A los diez minutos me hacen recoger los cuatro chécheres que poseo. Salgo del módulo siguiendo los pasos del José. Me conducen con la parsimonia tan particular de estas casas a lo que todo el mundo denomina, con respeto y desgana, el Chopano.
La sola entrada al lugar impone; no sé por qué, ya que de puertas para fuera mantiene la misma línea arquitectónica del resto de los módulos. Solo cuando traspasas la puerta corrediza de acceso, comienzas a percibir detalles impropios de un módulo corriente. Y lo primero que te impacta es el silencio absoluto que allí existe, roto de cuando en cuando, y como oiré más adelante, por solitarios gritos desgarradores. Otro detalle. Nos reciben, no uno, ni dos funcionarios, sino tres y con cara de hastío.

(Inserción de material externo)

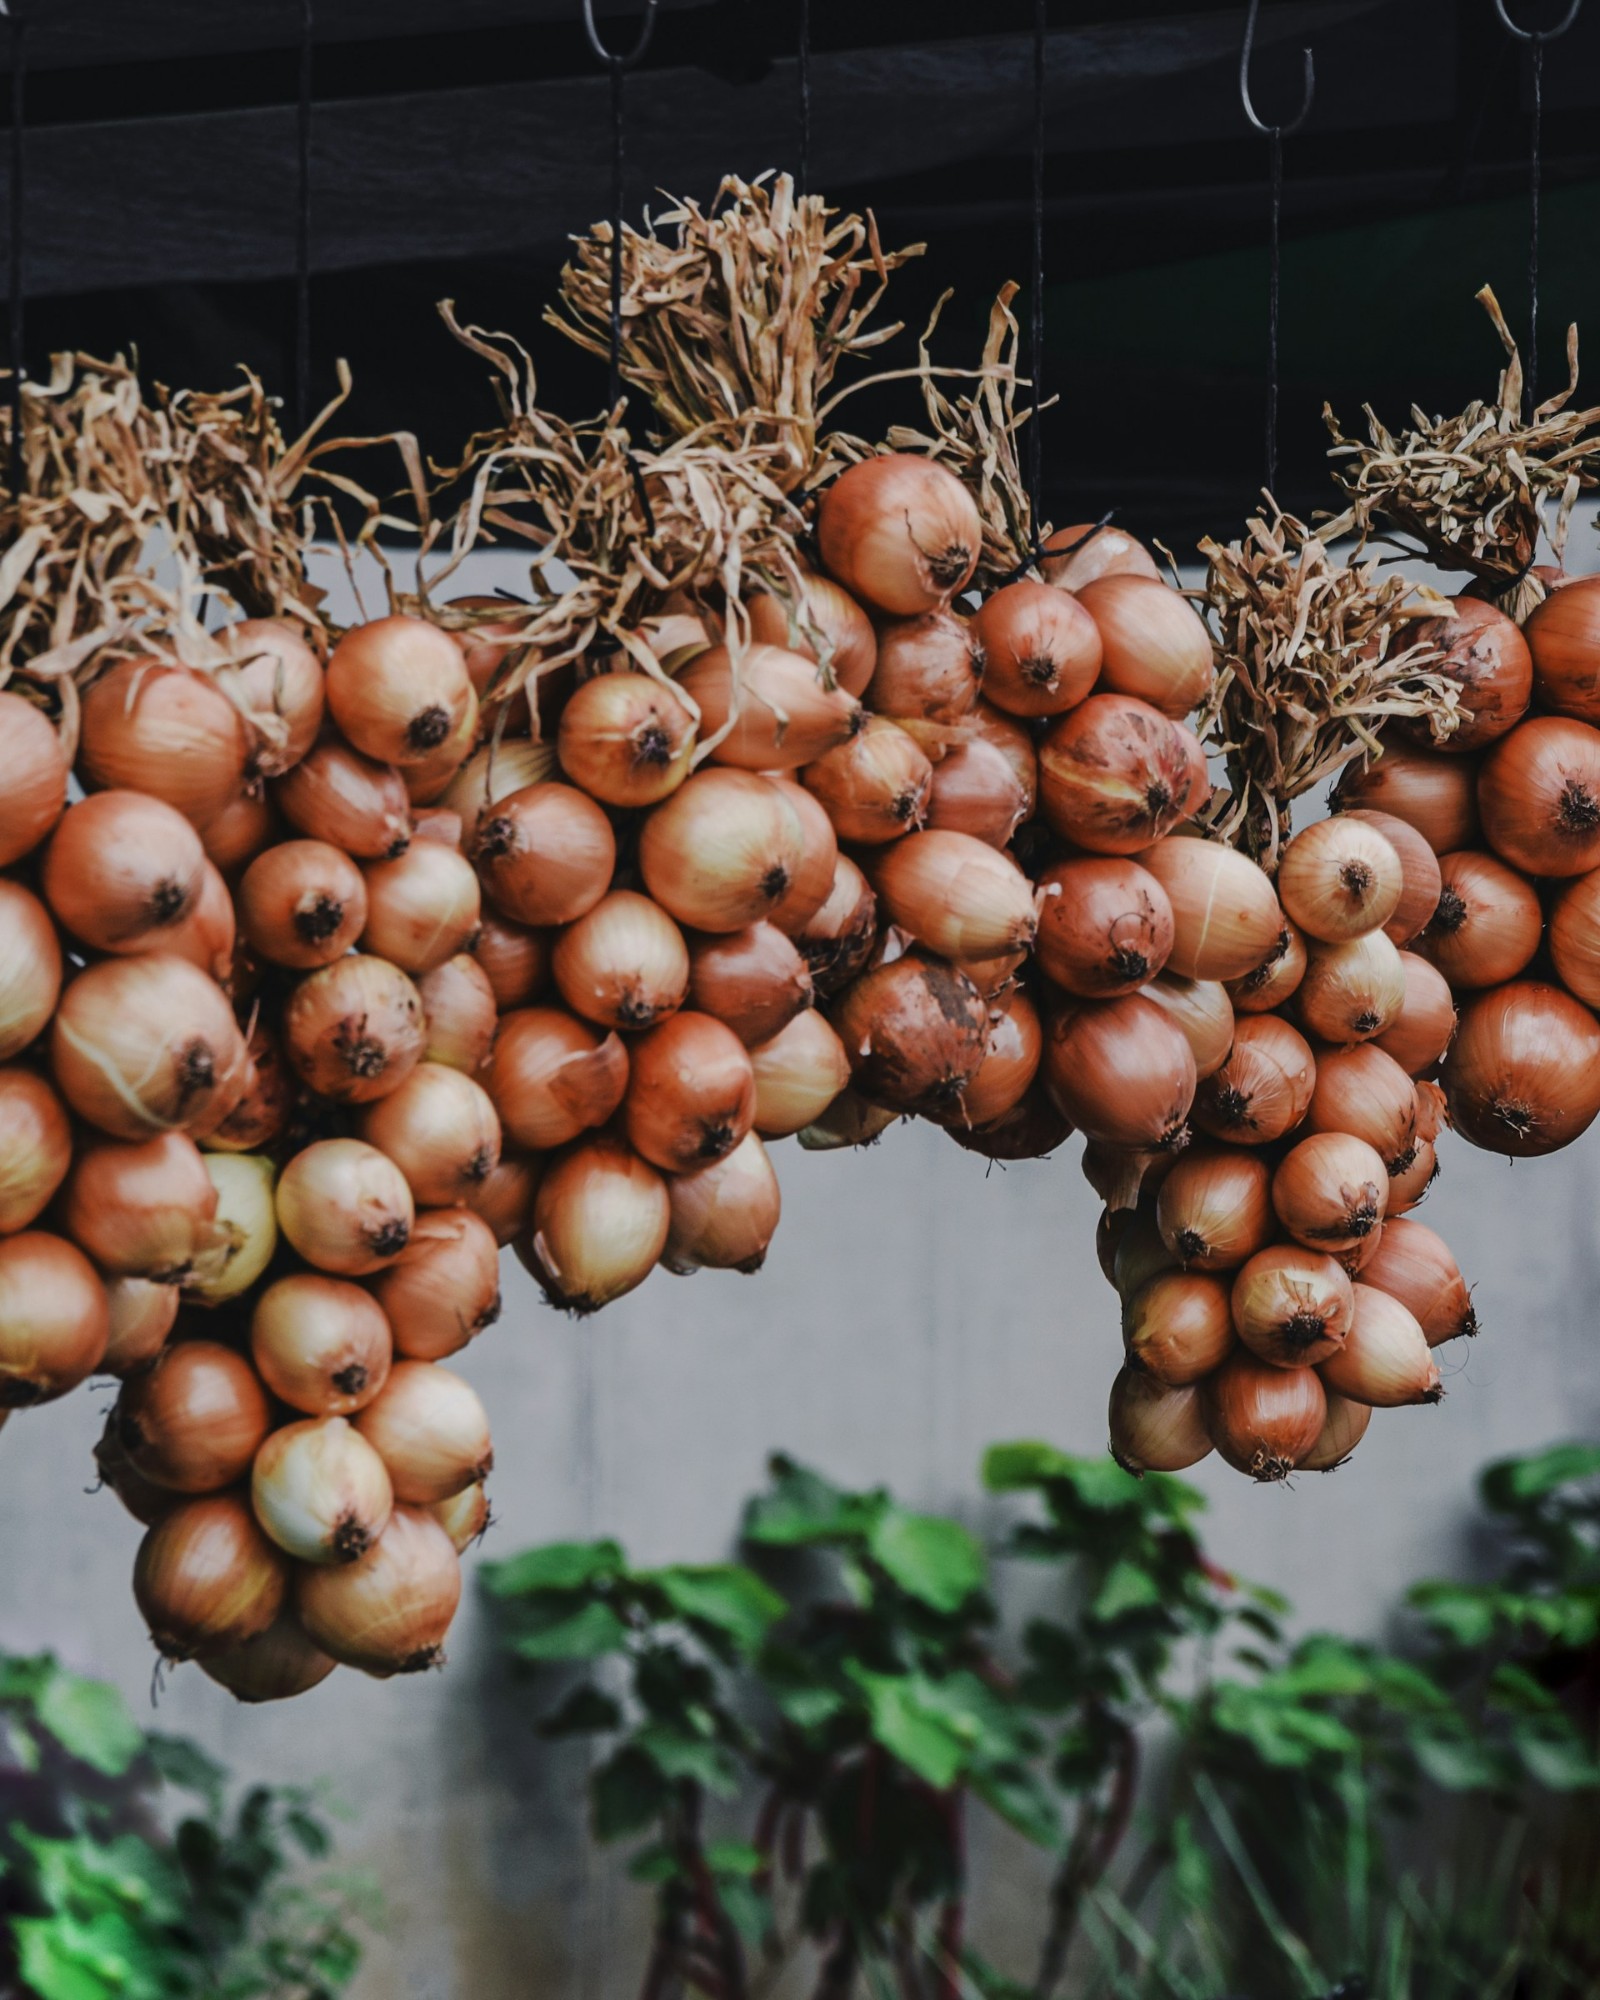 Braided onions hanging outside.

-¿Y éste, en qué lío se ha metido?
-Nada, hombre, uno nuevo que se ha enfrascado en una pelea con el gitano que os acabamos de traer. Pero se ha pispado que se puede buscar un marrón con el padre del otro y no hemos tenido más cojones que traerlo. Así conoce nuestras suites de lujo, ja, ja, ja –ríe mi acompañante con la gracia propia de un patán.
Los otros refuerzan el chiste de su compañero con risotadas estruendosas. Se despiden y allí me quedo, en mitad del corredor, con mi bolsa de poco peso y la incógnita de qué pasará. Uno más de los tantos interrogantes que me surgen desde mi detención. En el último mes, las dudas han cruzado en más ocasiones mi pensamiento que durante el resto de mi vida.

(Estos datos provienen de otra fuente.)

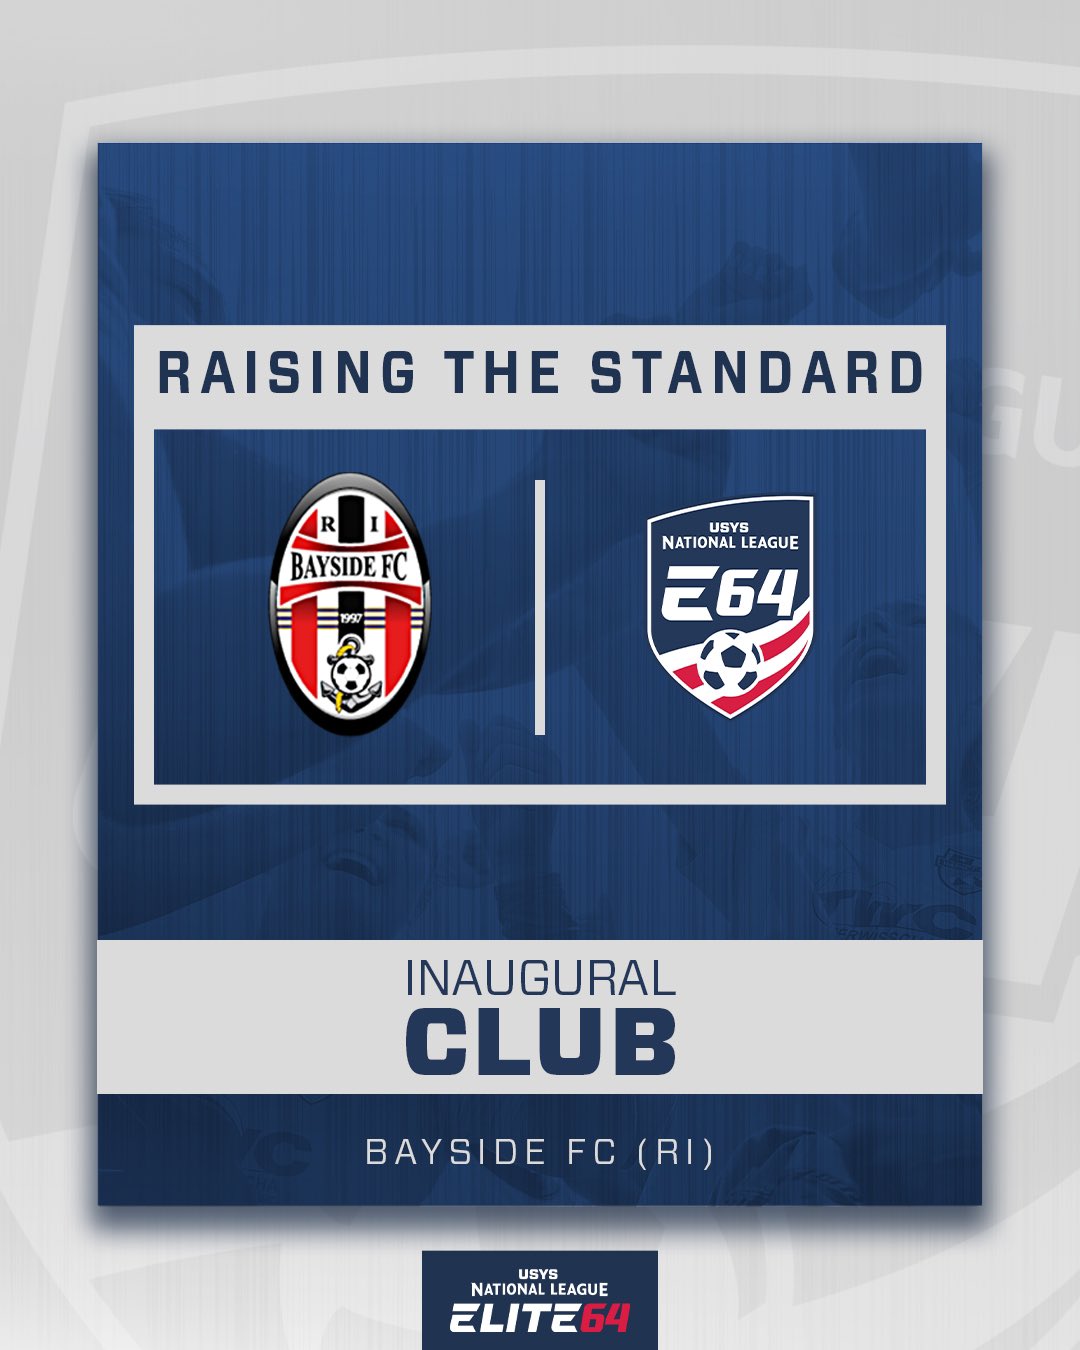 Recruiting: Why Providence is the right choice for Bayside FC's

-Venga, acompáñame -me dice uno de los funcionarios, que siempre enguantados, se encargan de este módulo de castigo. Lo sigo, qué voy a hacer.
Lo acompaño al segundo piso. Llegamos hasta la puerta que algún día tuvo un opaco color verde y me da la señal para que entre. Entro. Son iguales a las de los demás módulos. ¿Dónde radica la diferencia?